Following the discharge of the jury, and during the punitive damage hearing, defendant came forward with evidence offering an explanation of the incriminating $1,800 deposit of January 29, 1969, namely a personal loan of that date from the depositary bank.*fn3 The fact that the jurors

[152 NJSuper Page 581]

were deprived of the benefit of this exculpatory evidence is a subject of one of the motions now before the court, and will be dealt with below.

Defendant next claims that the $1,800 deposit of January 29, 1969 was subsequently shown to be "erroneously" admitted, and thus destroyed the foundation for the admissibility of evidence concerning the second large deposit (of $1,200) on October 28, 1969. Therefore, it is claimed, the second deposit should not be considered.

The problem with this argument is that evidence of the $1,800 deposit was not erroneously admitted; it was only subsequently explained. Its admissibility as relevant evidence was not vitiated by this later explanation. Moreover, the validity of the $1,200 deposit as evidence was in no way contingent on the $1,800 deposit. Cf. State v. Smollok , 148 N.J. Super. 382 (App. Div. 1977), noting the probative force of unexplained cash deposits. It is true that the jury was deprived of the benefit of this explanation, and to this extent, considering the role of the advisory jury and this court's statements regarding its "adoption" of the jury's findings, this issue could have been highly relevant, since the advisory jury was impaneled to "inform the conscience" of the court.
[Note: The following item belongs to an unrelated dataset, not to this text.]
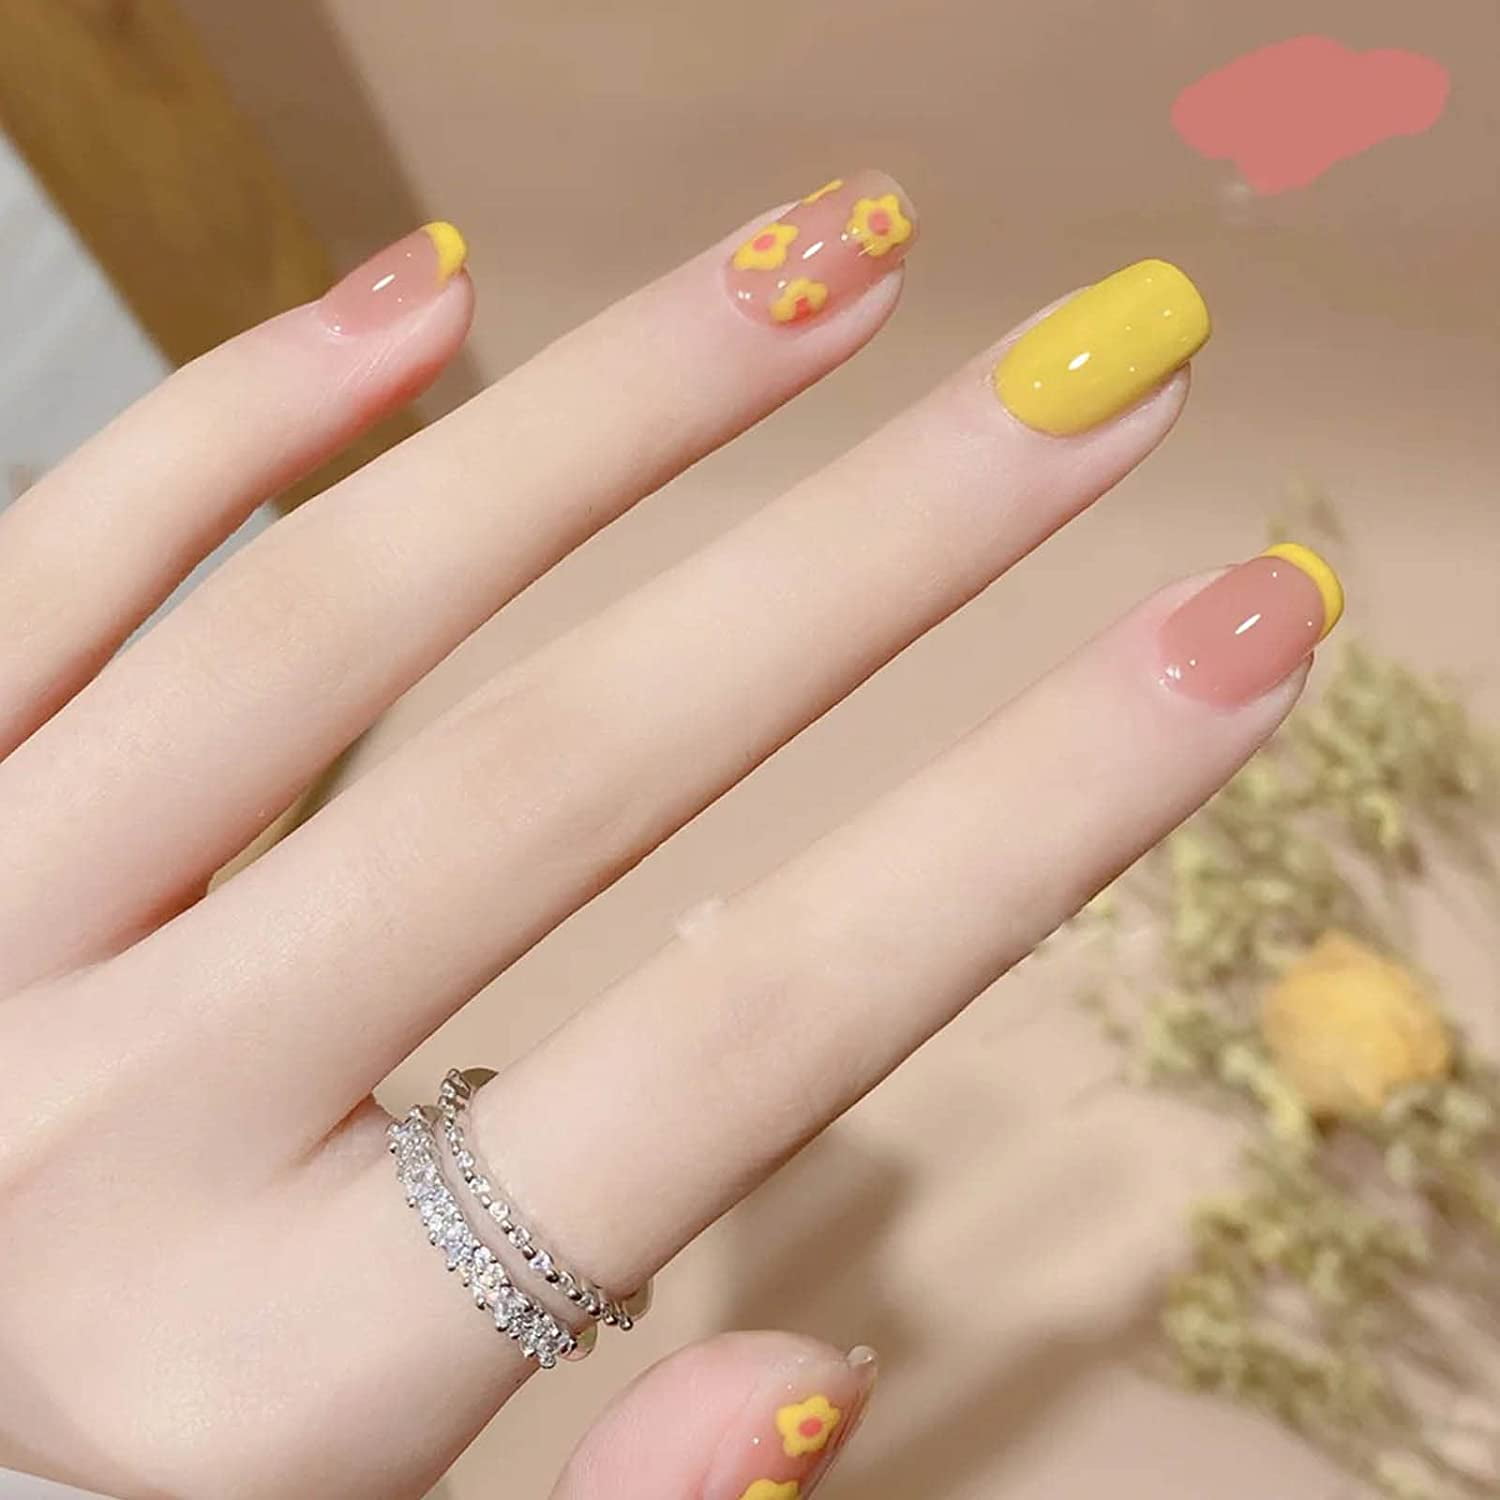 24PCS Short Square Press On Nails With Designs Cute,Yellow Acrylic Press On  Nails,Full Cover Short Fake Nails Square Press On Nails With Nail Adhesive  Tabs For Nail Art Salon DIY - Walmart.com

The jury was not the final arbiter. Notwithstanding such explanation of the $1,800 deposit, the court's independent judgment regarding defendant's guilt was not changed by this evidence. The case of Newark Plank Road Co. v. Elmer , 9 N.J. Eq. 754 (E. & A. 1855), is persuasive:

In regard to verdicts of juries upon disputed questions of fact, the rule in equity is well settled. The judge who directs the issue may act upon it, determine against it, or direct a new trial at his discretion. He may disregard the misdirection of the jury, and the erroneous admission or rejection of evidence upon the trial, and may, notwithstanding the most apparent irregularities of this kind, refuse a new trial, provided he is satisfied, from the evidence as it exists, and from the record in equity, that the means of forming the correct

[152 NJSuper Page 582]

judgment are before him. See also; Trenton Banking Co. v. Rosell , 2 N.J. Eq. 511, 512 (Ch. 1841); Freeman v. Staats , 9 N.J. Eq. 816, 821 (E. & A. 1853); Carpenter v. Easton and Amboy R.R. Co. , 26 N.J. Eq. 168, 171 (Ch. 1875). [at 785]

Defendant's motions to reopen the judgment and to be relieved from the judgment are denied.